The Forest Of Old Enchantment

A poem by Madison Julius Cawein

Squaw-Berry, bramble, Solomon's-seal,
And rattlesnake-weed make wild the place:
You seem to feel that a Faun will steal
Or leap before your face. . . .
Is that the reel of a Satyr's heel,
Or the brook in its headlong race?
Yellow puccoon and the blue-eyed grass,
And briars a riot of bloom:
And now from the mass of that sassafras
What is it shakes perfume?
A Nymph, who has for her looking-glass
That pool in the mossy gloom?
Mile on mile of the trees and vines,
And rock and fern and root:
What is it pines where the wild-grape twines?

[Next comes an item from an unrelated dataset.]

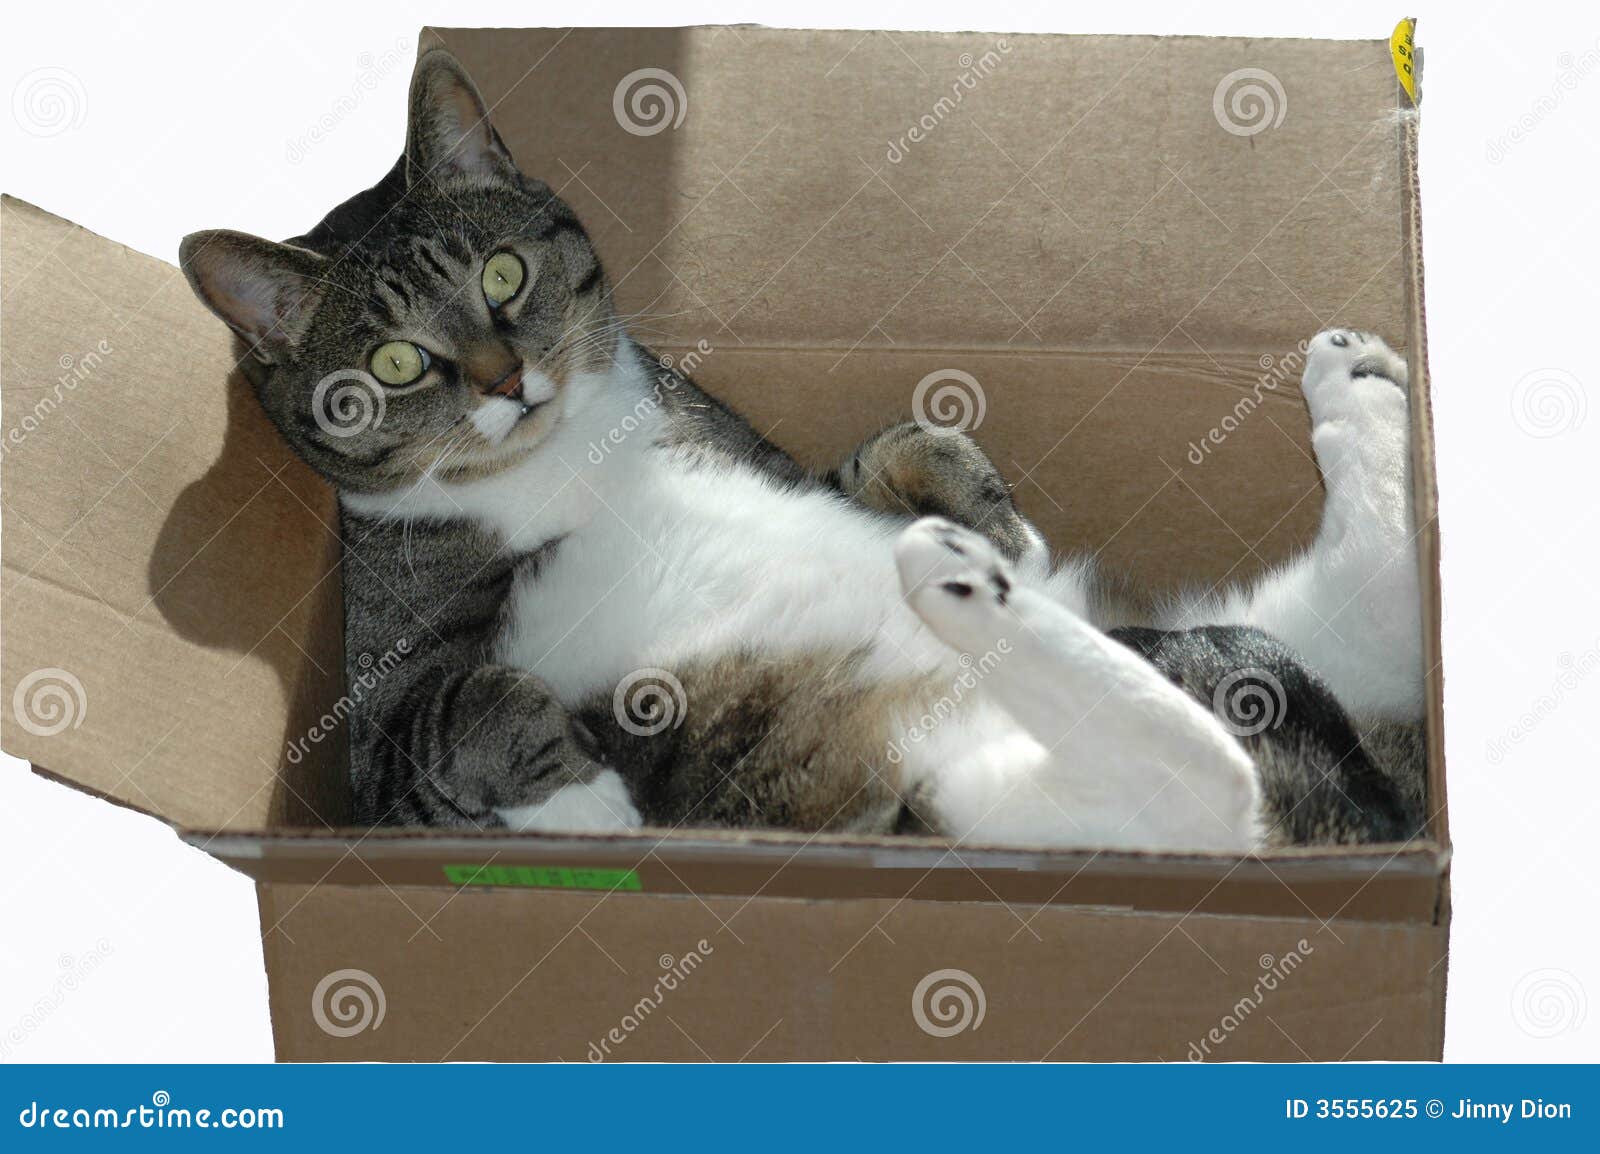 cat in a cardboard box
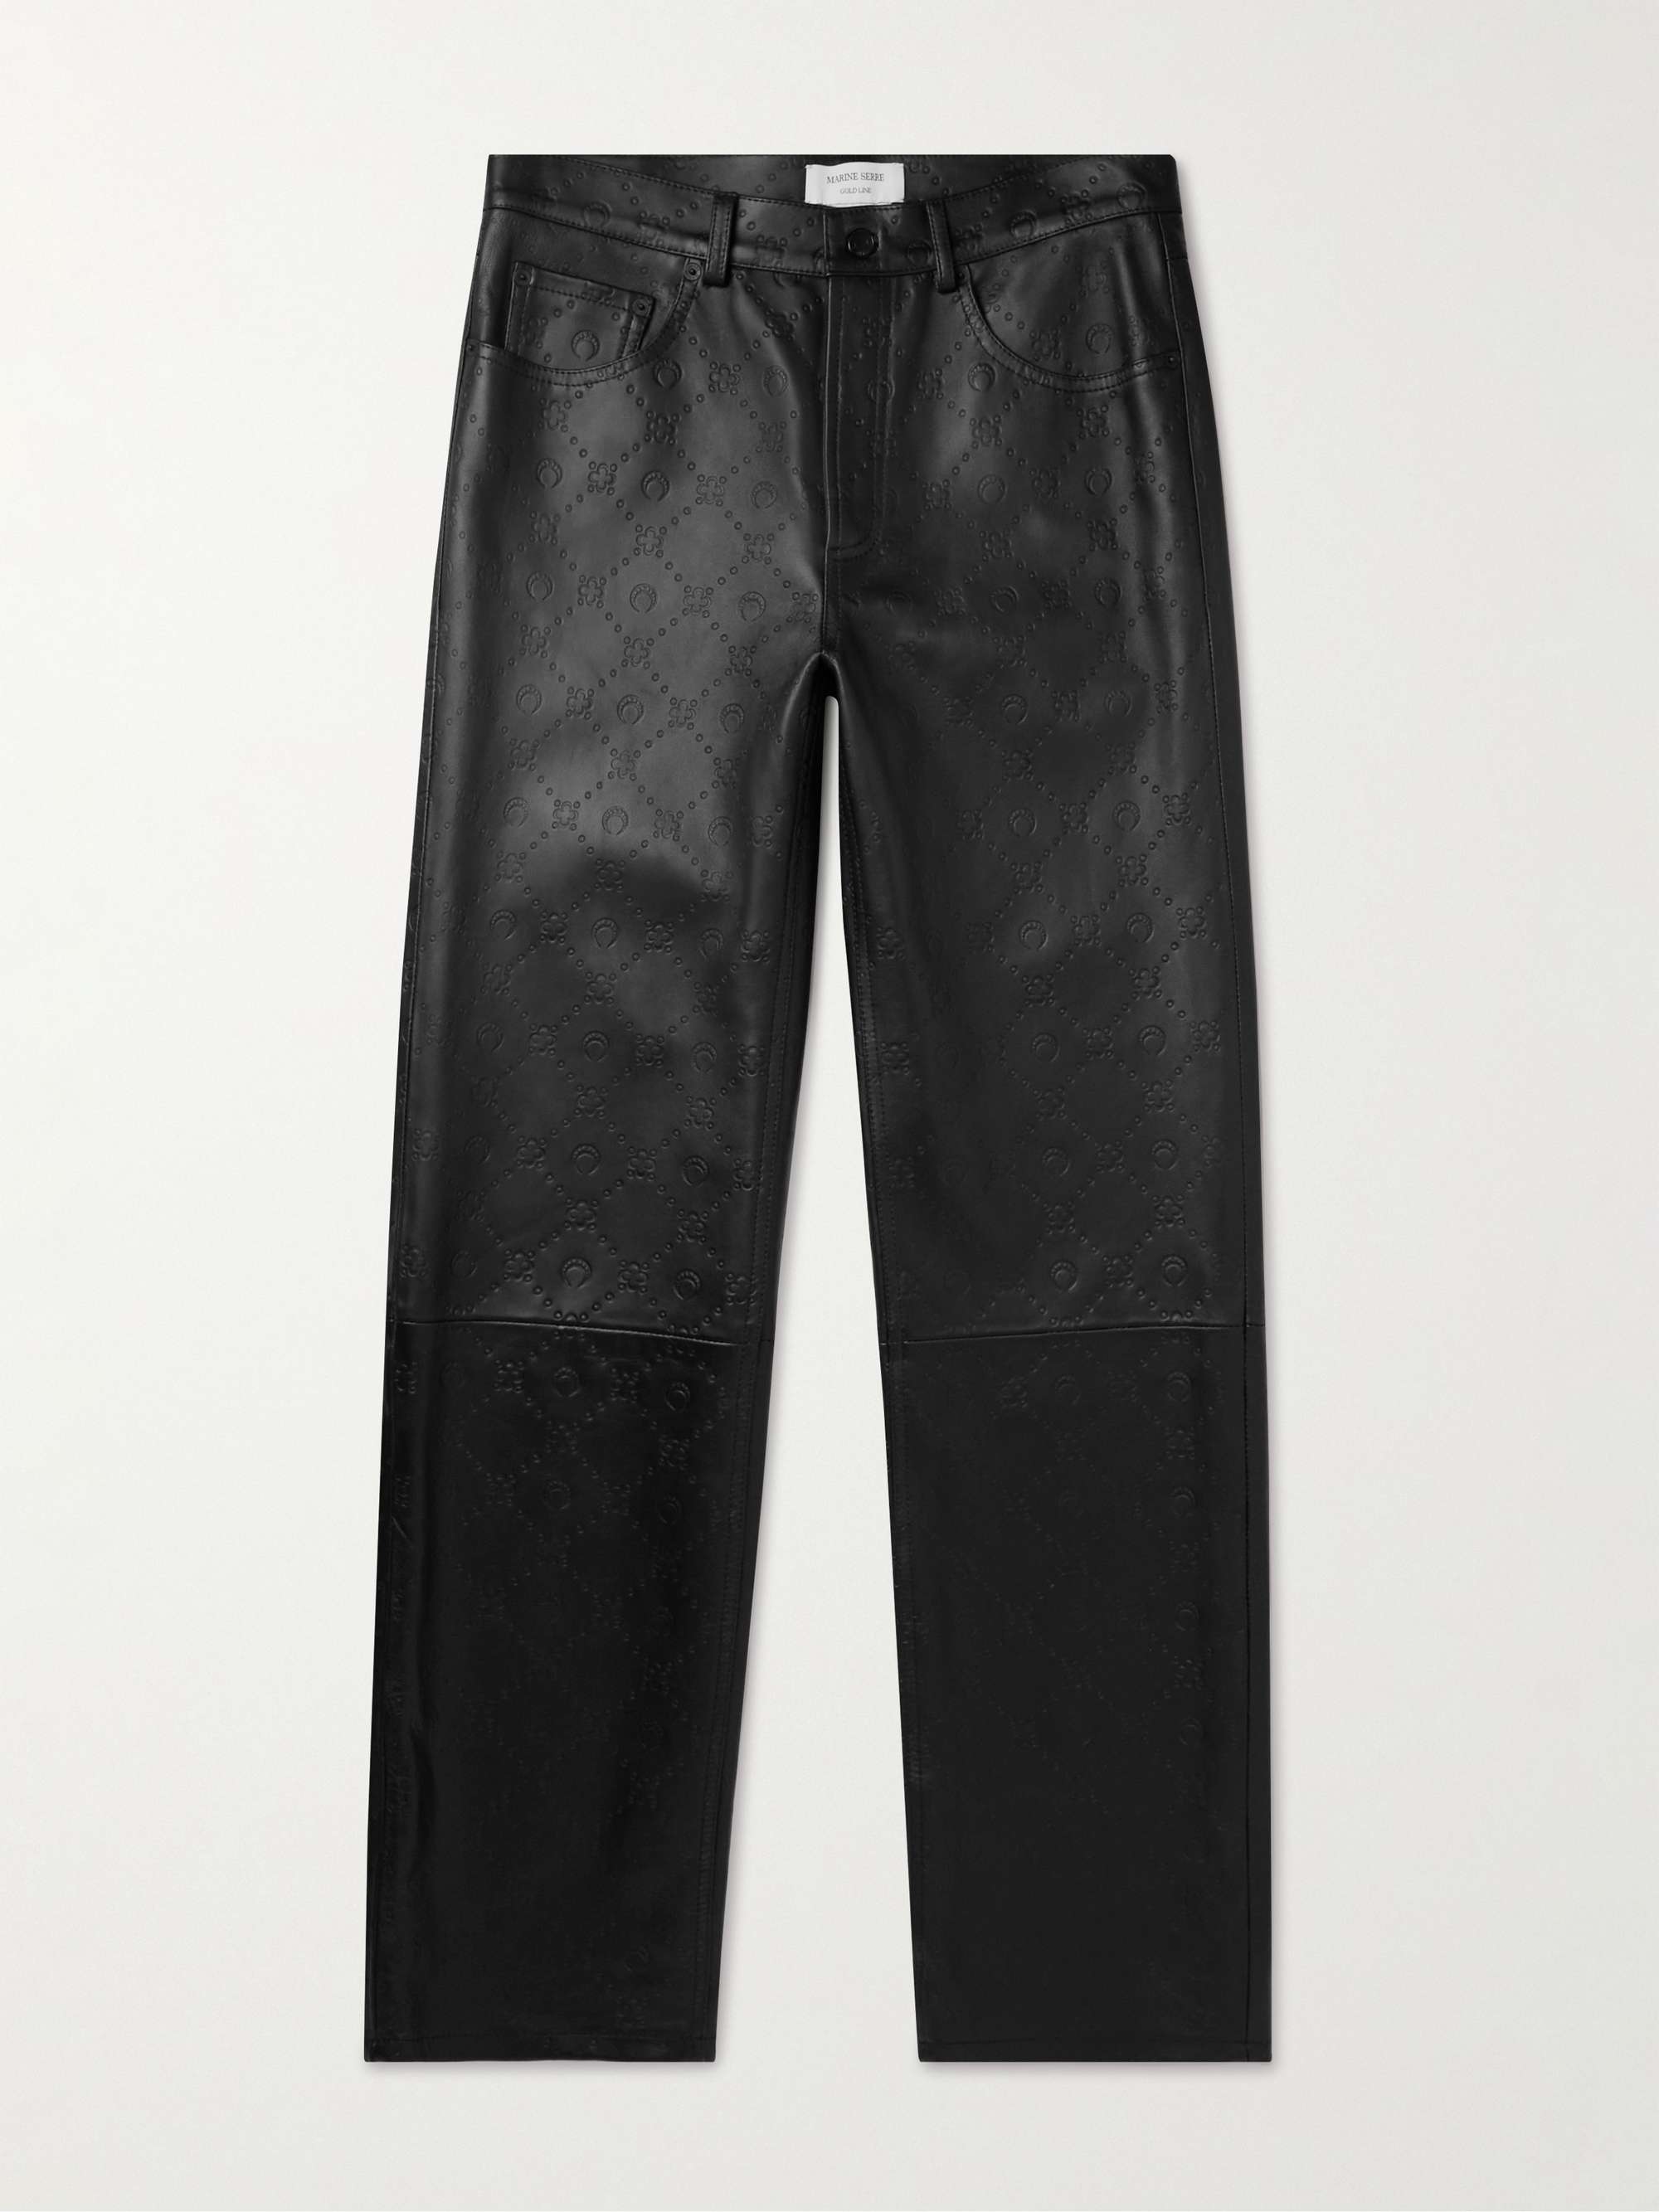 MARINE SERRE Straight-Leg Debossed Leather Trousers for Men | MR PORTER

A dove? or Pan's own flute?
And there! what shines into rosy lines?
A flower? or Dryad's foot?
White-plantain, bluet, and, golden-clear,
The crowfoot's earth-bound star:
Now what draws near to the spirit ear?
A god? or a sunbeam-bar?
And what do we hear with a sense of fear?
Diana? or winds afar?
If we but thought as the old Greeks thought,
And knew what the ancients knew,
Then Beauty sought of the soul were caught
And breathed into being too:
And' out of naught were the real wrought,
And the dream of the world made true.